The correlations or covariances between the k variables are free
parameters which are estimated. There is also one more endogenous variable which is called by C.**

** It need not be the case that causes or the formative variables are exogenous. Moreover, it is possible that the formative variable can have a disturbances, but additional constraints must be added to the model. For more discussion, see Bollen and Bauldry (2011, Psychological Methods).**

**Note
that the formative variable in the above model, SES, has no disturbance and the path
from one of its indicators, Education, is fixed to one. The formative variable causes two endogenous variables, Stress and Mental Health. A key feature of a formative construct is that
it mediates the effect of its three indicators on the endogenous variables of
Stress and Mental Health.**

**Formative
variables have many uses: First, if the
researcher seeks to create a composite, a weighted sum of measured variables, a
formative construct has optimal weights; second, if there is a nominal variable
with many categories, the dummy variables for that variable can be the
indicators of a formative variable (sometimes call a sheaf); third, if a reflective latent variable is
planned, but either the indicators do not correlate or they are not
single-factored, a formative variable might be used. **

**When
there is a single endogenous variable and no other exogenous variables, the standardized
paths leading into C are ****beta weights divided by the multiple correlation and the path from C to the endogenous variable is the multiple correlation. In
general, the standardized paths leading into C are proportional to canonical
coefficients.
To evaluate the utility of C to represent the paths from the k variables, drop
C from the model and have each variable cause the appropriate endogenous
variables. Compare the fit of this model to the one with C. The chi square
difference would have k(p - 1) degrees of freedom
where p is the number of endogenous variables.

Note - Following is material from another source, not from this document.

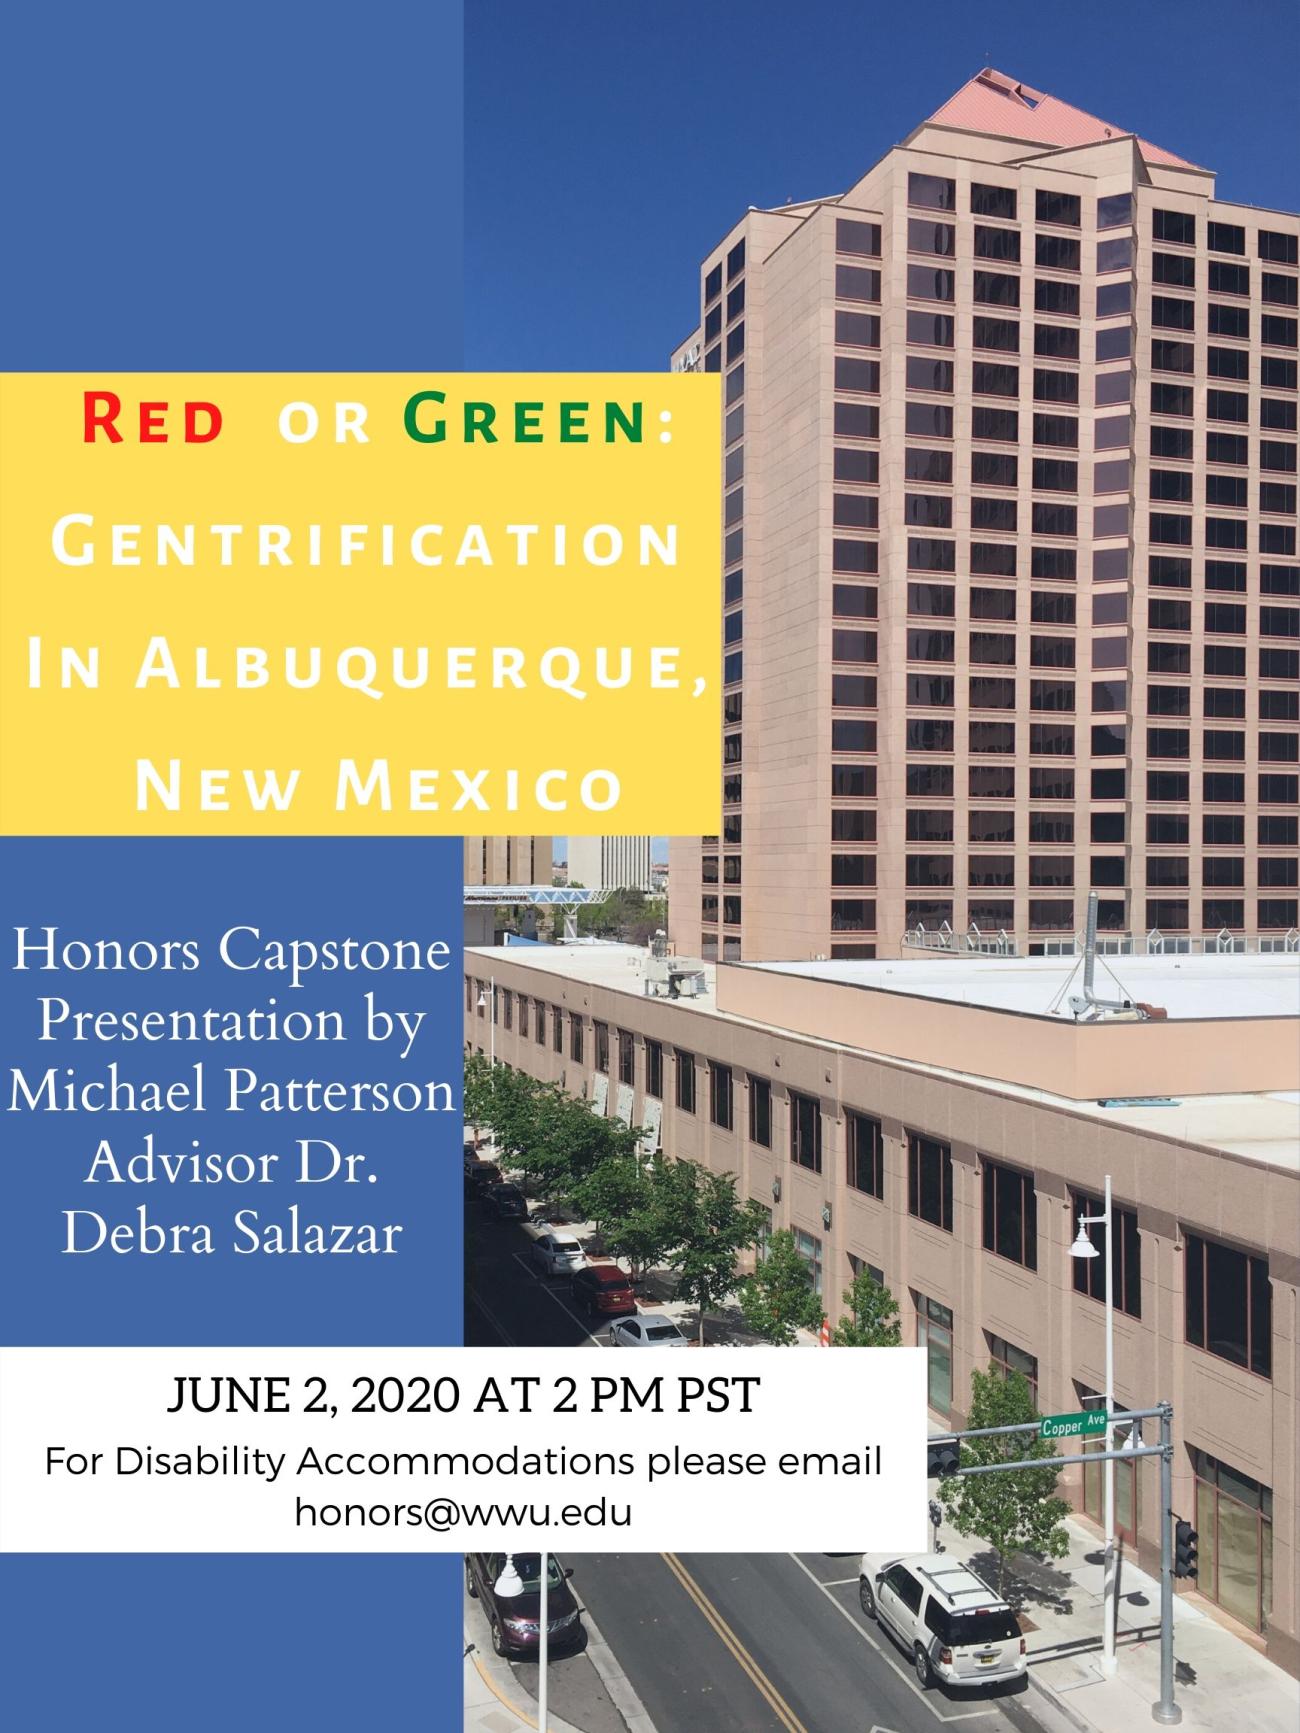 Image: Wide shot of Downtown Albuquerque's tallest building, the Bank of Albuquerque Tower. Text: "Red or Green: Gentrification in Albuquerque, New Mexico. Honors Capstone Presentation by Michael Patterson, Advisor Dr. Debra Salazar. June 2, 2020, 2 PM PST. For disability accommodations please call (360) 650-3034."

If fit is poor, then it means that the
composite should be formed different for the different endogenous variables.**

**Ken
Bollen discusses in several papers how a formative construct can be endogenous
and can have a disturbance, but those topics are not discussed here. If interested, go to his website.**

**Second-Order or Hierarchical Latent Variable**

**A second-order latent variable is a latent variable whose indicators are
themselves latent variables. Such a latent variable would then have no measured
indicators. It would have a disturbance if it were caused. **

**Rules
of identification for
latent variables still hold: The scale of the second-order factor must be fixed
either by forcing one its loadings to one which is what is usually done or by
standardizing the variable if it is exogenous and there must be a sufficient
number of indicators, usually two are sufficient. **

**An
example of a second-order factor might be Liberal-Conservative whose indicators
might be the latent variables of attitude toward Social Issues, attitude the Economy,
and attitudes toward Defense and the second-order latent variable causes desire
to vote for two candidates, A and B:**

**Note
that the second-order construct “mediates” the effect of the three
first-order factors. Actually, it is not a mediator, but rather the
second-order factor is a spurious cause of its indicators and the endogenous variables. **

**The
major uses of a second-order are as follows: First, one has a construct but finds that it is multi-dimensional but by
creating a second-order factor one can preserve the construct. Second, if a set of latent variables all
cause the same construct, their colinearity may difficult to separate their
effects, but by having the causality work through a single second-order factor,
the colinearity is reduced. Third, by having just one latent variable instead
of many, a second-order model is more parsimonious. **

**Note
that first-order factors have disturbances which should not be viewed as measurement
error. The disturbances reflect variance
in the first-order factor not explained by the second order factor. The disturbance variance should be
non-trivial and statistically significant. If not, then the first-order factor essentially correlates perfectly with
second-order factor and and the two are no different. Heywood cases and negative
disturbance variances are conceptually problematic. The researcher needs to check to be sure that they do not exist.**